2.3.1 Aspectos do trabalho policial

Uma obra, no Brasil e no mundo, que traz uma extensa abordagem sobre a organização policial é tributada ao sociólogo norte-americano Egon Bittner (2003). Seu livro abrange 25 anos de pesquisas empíricas em organizações policiais, com informações

6 Accountability: não há uma tradução para o português. Sua origem é francesa e está associado a fiscalizar,

controlar, registrar e envolve conceitos éticos.

Disponível em:

<http://www.socialiris.org/fncasp/digital/index.php?option=com_kunena&func=view&catid=23&id=26&Itemid =146. Acesso em: 23/06/2013.

essenciais para a compreensão das transformações pelas quais a polícia vem passando, a partir de sua origem e seus desafios.

A polícia, como vista atualmente, corresponde a uma concepção da sociedade inglesa do segundo quarto do século XIX, onde o espelhamento da época correspondia a um modelo urbano e industrial, considerado avanço em relação aos outros países da Europa. O modelo britânico foi irradiado para outras nações europeias e, mais tarde chegou aos Estados Unidos, desde uma iniciativa de uma comissão, que o analisou e o inseriu na cidade de Nova Iorque e, mais tarde, para outros Estados (BITTNER; 2003, p. 107).

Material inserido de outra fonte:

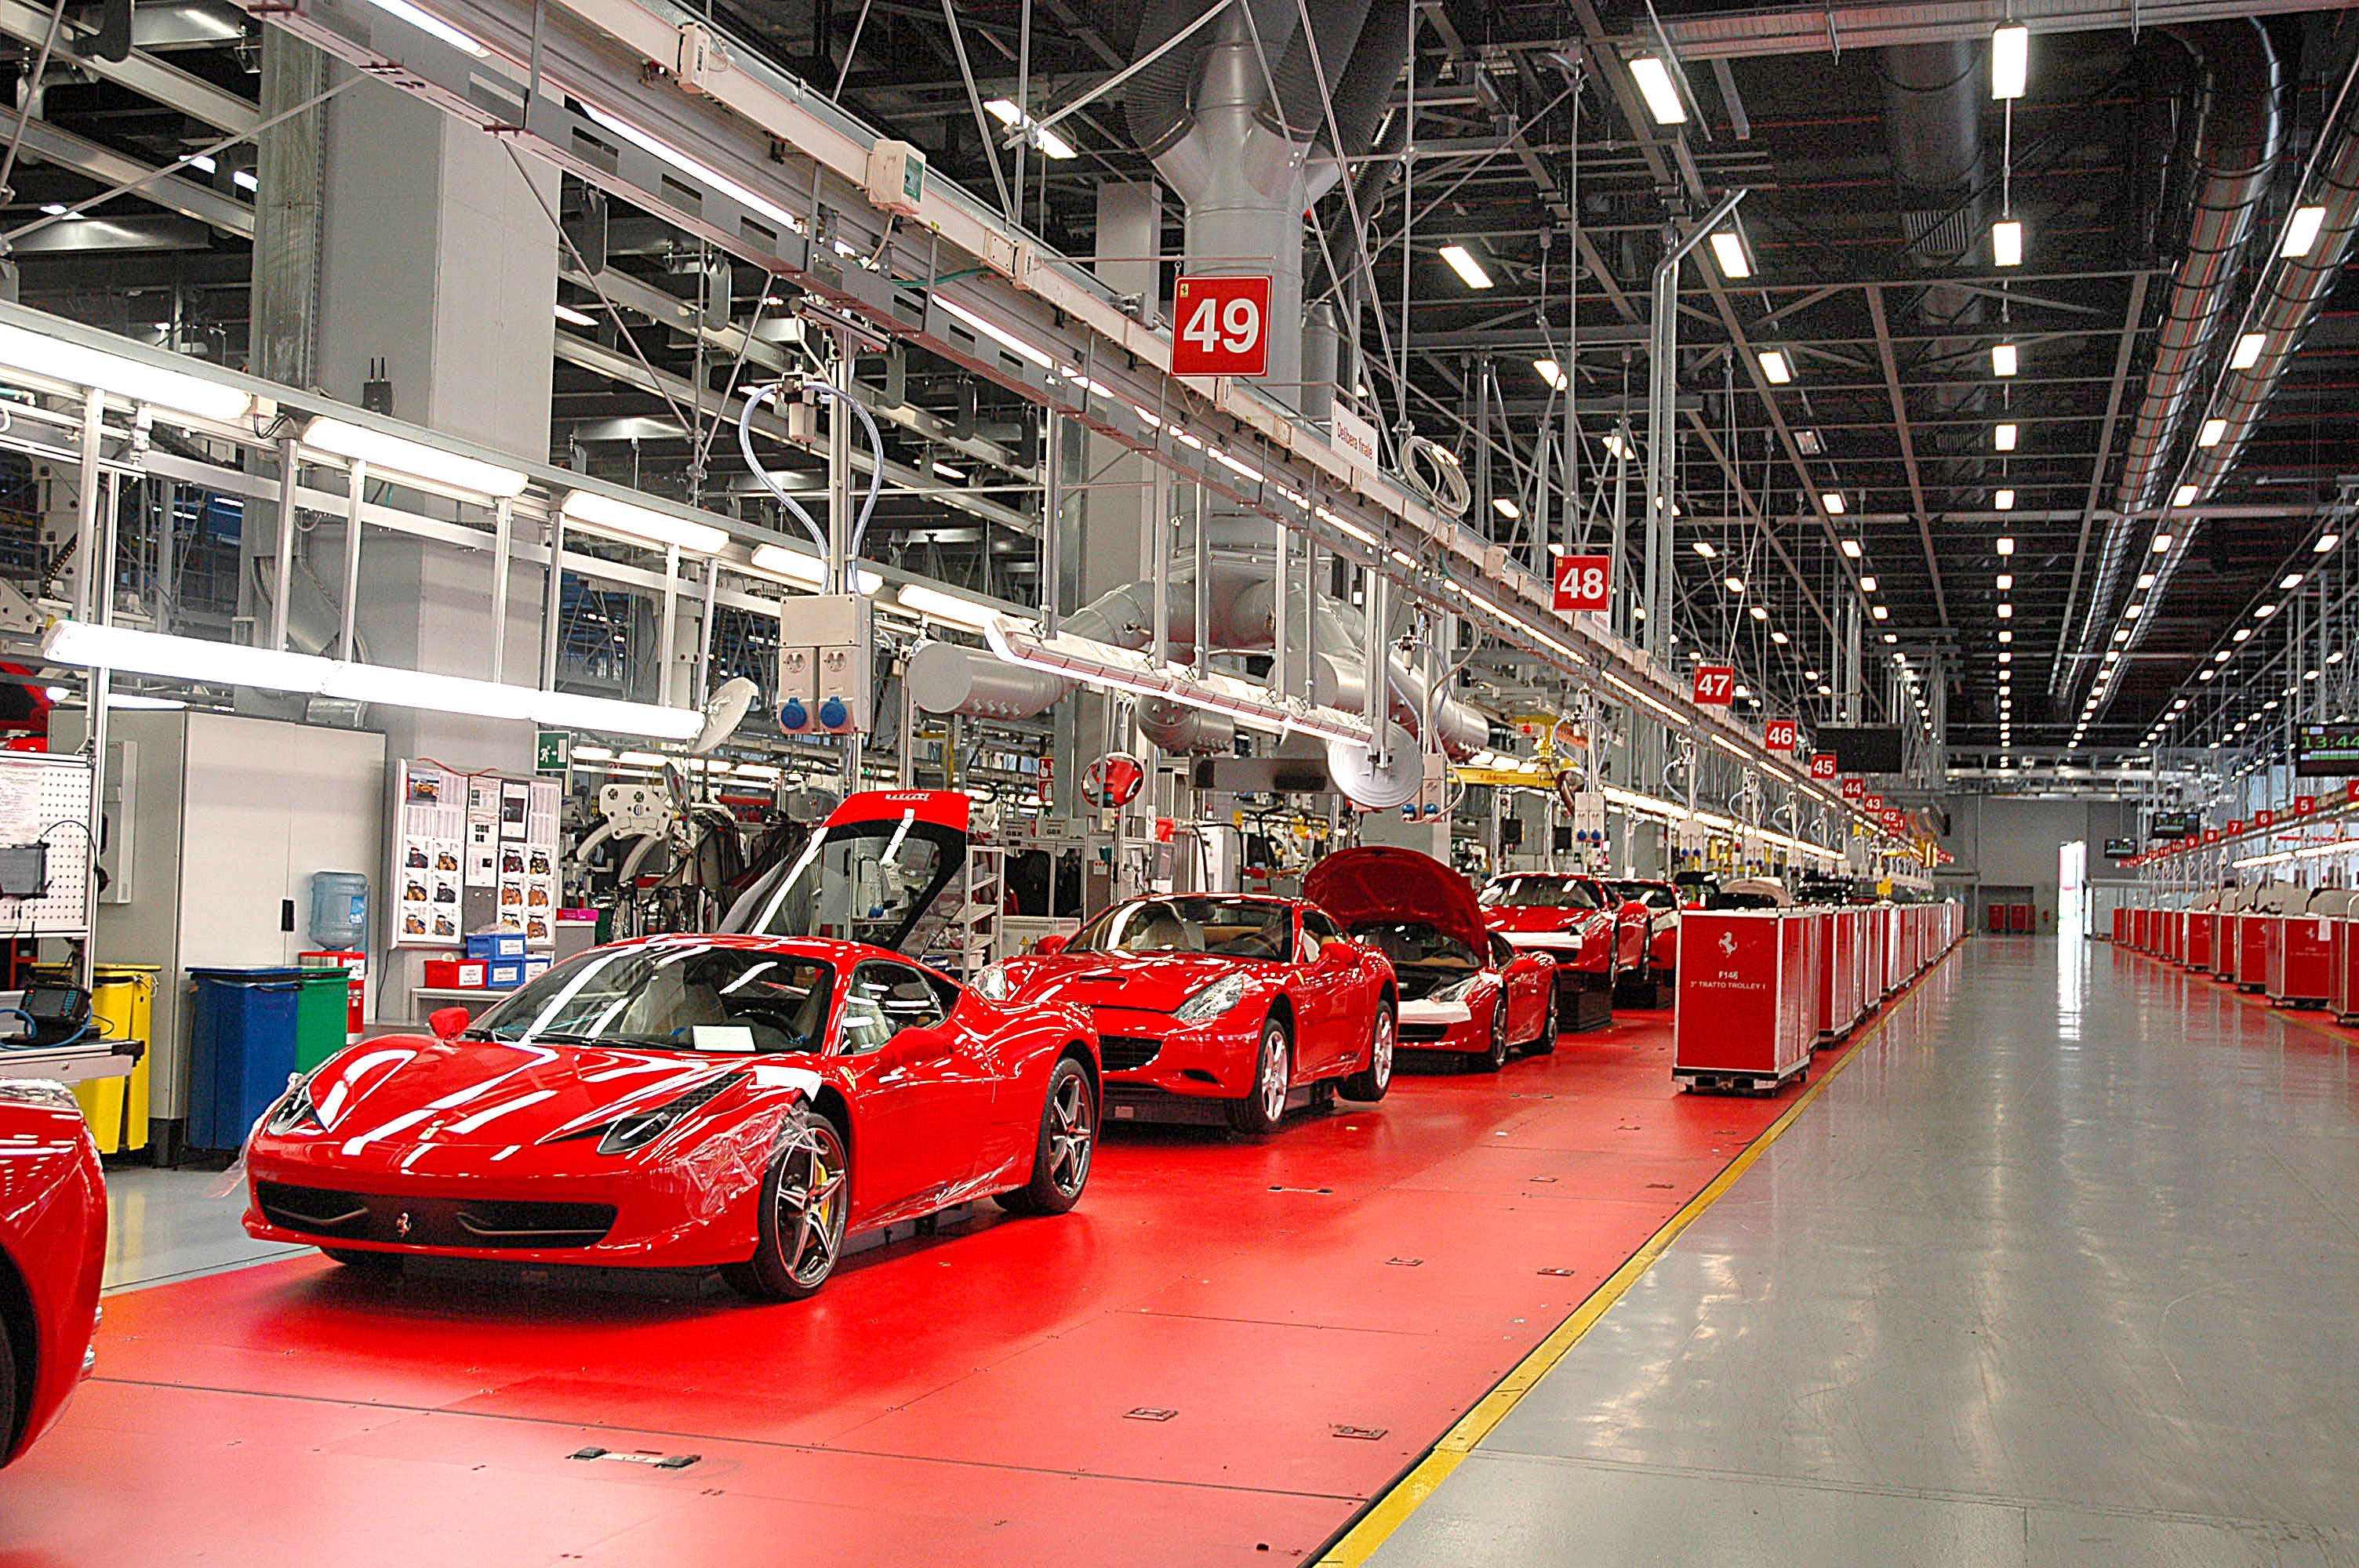 fa80c292a سعودي شفت » شركات السيارات » سيطرة السيارات الفاخرة على الصناعة

Monet (2001) acompanha o desenho feito por Bittner (2003), quanto ao surgimento da polícia, burocrática, pública e estatal, especialmente, no ponto em que a origem liga-se às condições sociais do início do século XVIII, com o objetivo de combater focos de resistências em oposição ao modelo totalitário.

Do mesmo modo, Reiss Jr. (2003), escreve que a organização policial moderna e burocrática teve sua origem na Inglaterra, fruto das ameaças de aumento da criminalidade, iminências de distúrbios e perigo de desordem urbana.

Passados mais de dois séculos de sua criação, a organização policial não se afastou de seu modelo original, mantendo seus fundamentos na burocracia centralizadora e autoritária (CUNHA, 2012), e, alinhada a sua finalidade primária, enquanto repressora e em favor da classe dominante. Com esse passado, não é estranho, que ao longo das décadas, se foi edificando o atual legado de isolamento social, imagem de violência e associação à corrupção, conferindo o distanciamento e afastamento da sociedade.

Para Maître e Blanco (2008), a atual segurança pública da América Latina pode ser avaliada sob dois ângulos. O primeiro, onde se colocam as

[...] demandas e as expectativas sociais cultivadas num ambiente de degeneração do pacto social, que clama por soluções rápidas, até com extrapolação do próprio limite legal, como por exemplo, o envolvimento de segmentos da sociedade civil no fomento e no financiamento de grupos de extermínio, grupos paramilitares e outras formas de expressão do poder paraestatal. (MAÎTRE e BLANCO, 2008).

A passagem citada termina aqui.